Looks like a new test case scenario for libraries that handle time/date.



Well at least the datetime library would be a perfectly reasonable place to handle leap seconds. The place that outputs the timestamp to a human readable format wouldn’t at all be that hard pressed to add a second when printing out the local time with timezone considered. It really wouldn’t add that much complexity.

Could you imagine if anyone was stupid enough to think the right place to handle such a thing was the internal counter of seconds rather than the datetime library though? Ha! That’d be ridiculous right! Imagine all the bugs if someone put something that’s only relevant to local timezone time printing there! It’d cause so many unexpected bugs!


Am I misreading something, or isn't that already in 1,000 years?


You are correct, I made a typo in the grandparent comment - it should have been 1k years.

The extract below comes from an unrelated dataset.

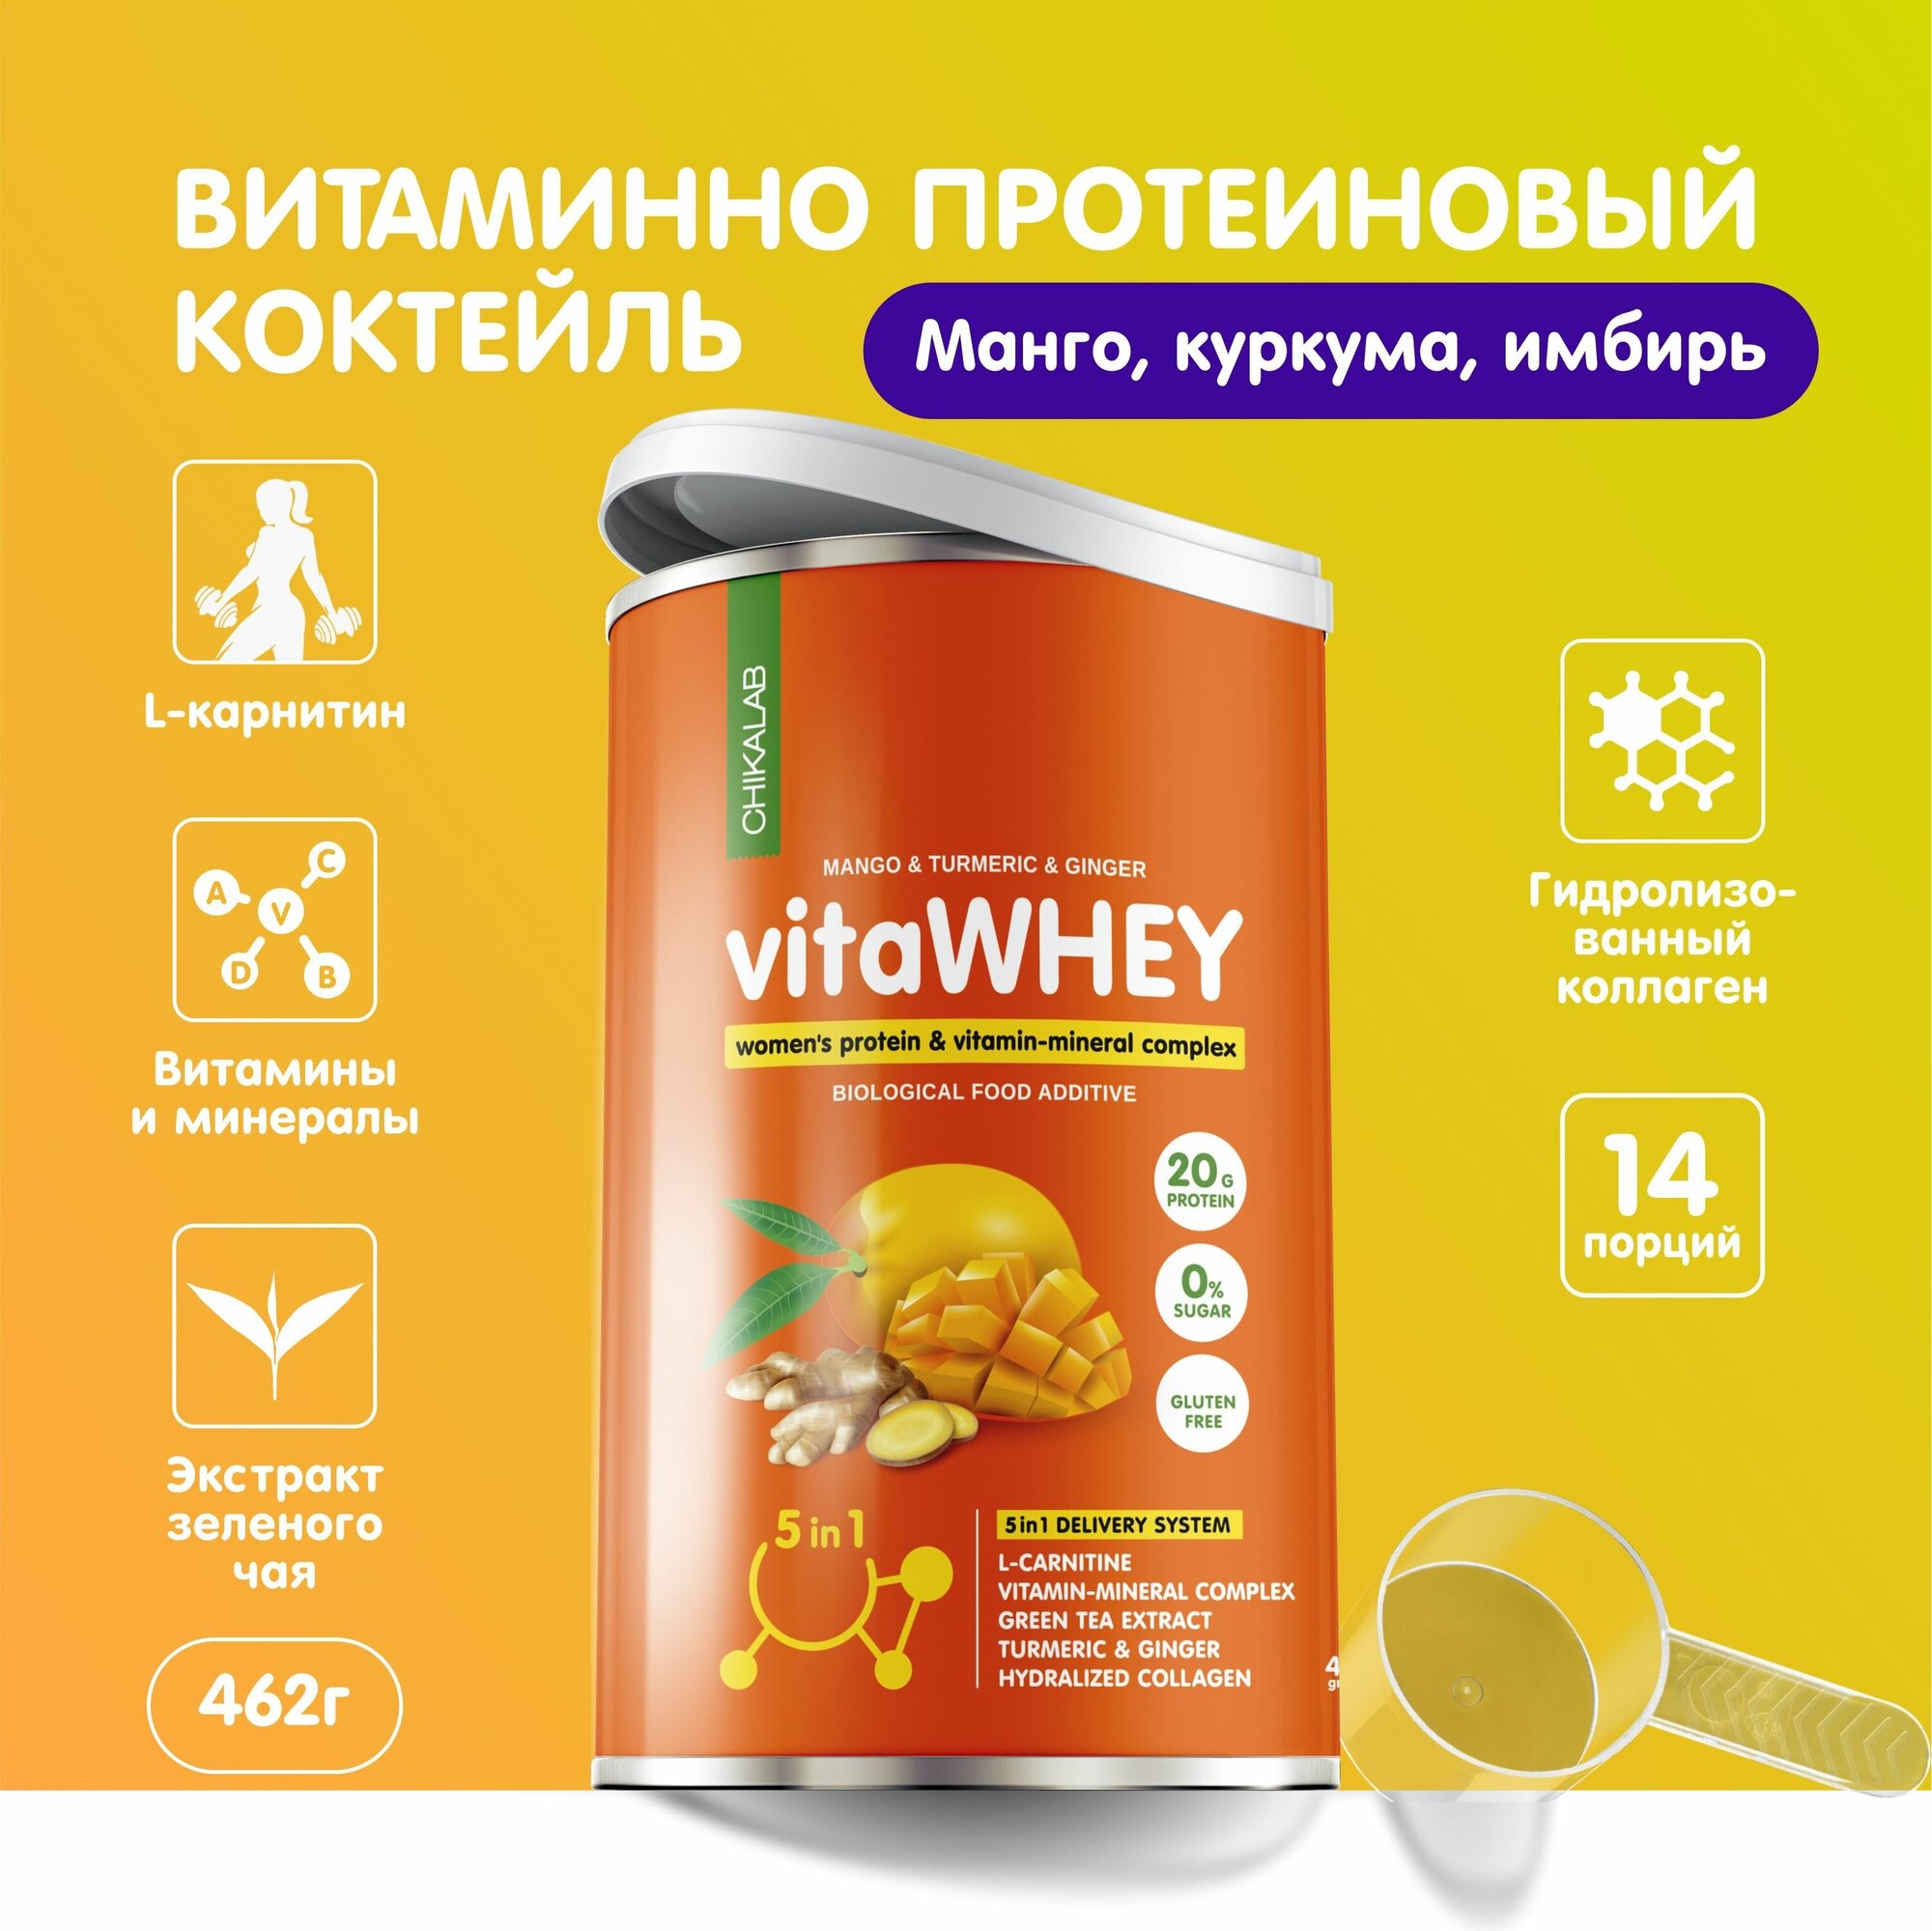 Коктейль витаминно-минеральный Манго куркума и имбирь VitaWhey Mango turmeric & ginger Chikalab 462 гр.
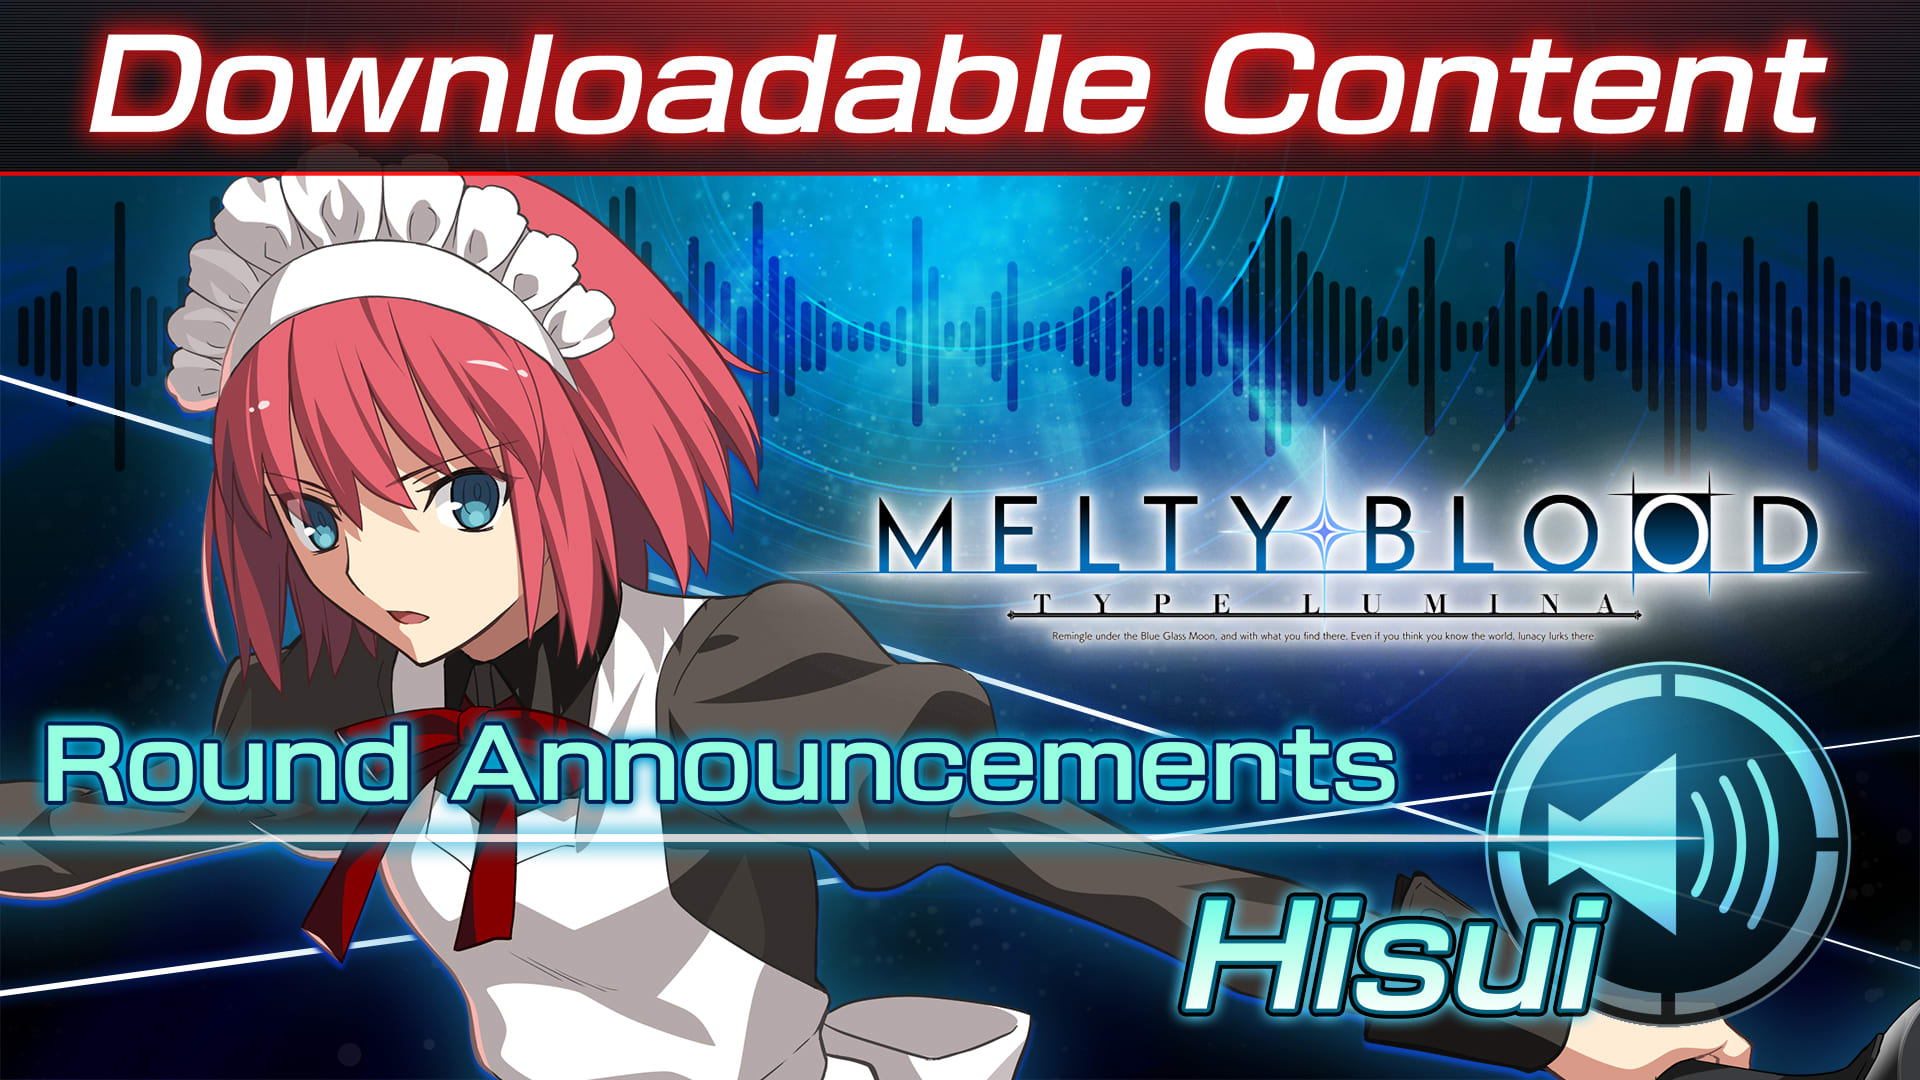 DLC: Hisui Round Announcements

Unfortunately I can no longer edit.


At 10^78 years we could use 512 bit time stamps and be safe from overflow and measure all the way down to Planck time.


Time is so /weird/ that I don't know how computers will ever wrangle it comprehensively.

Just consider the weird but valid scenario in relativity where A can occur before B, B before C, and C before A. I'm not sure how you would wrangle something like that in a data format.


Can that happen in relativity? How?


I’m guessing for different observers. No idea how for a single observer all those could possibly be true


Insertion of a leap second every month.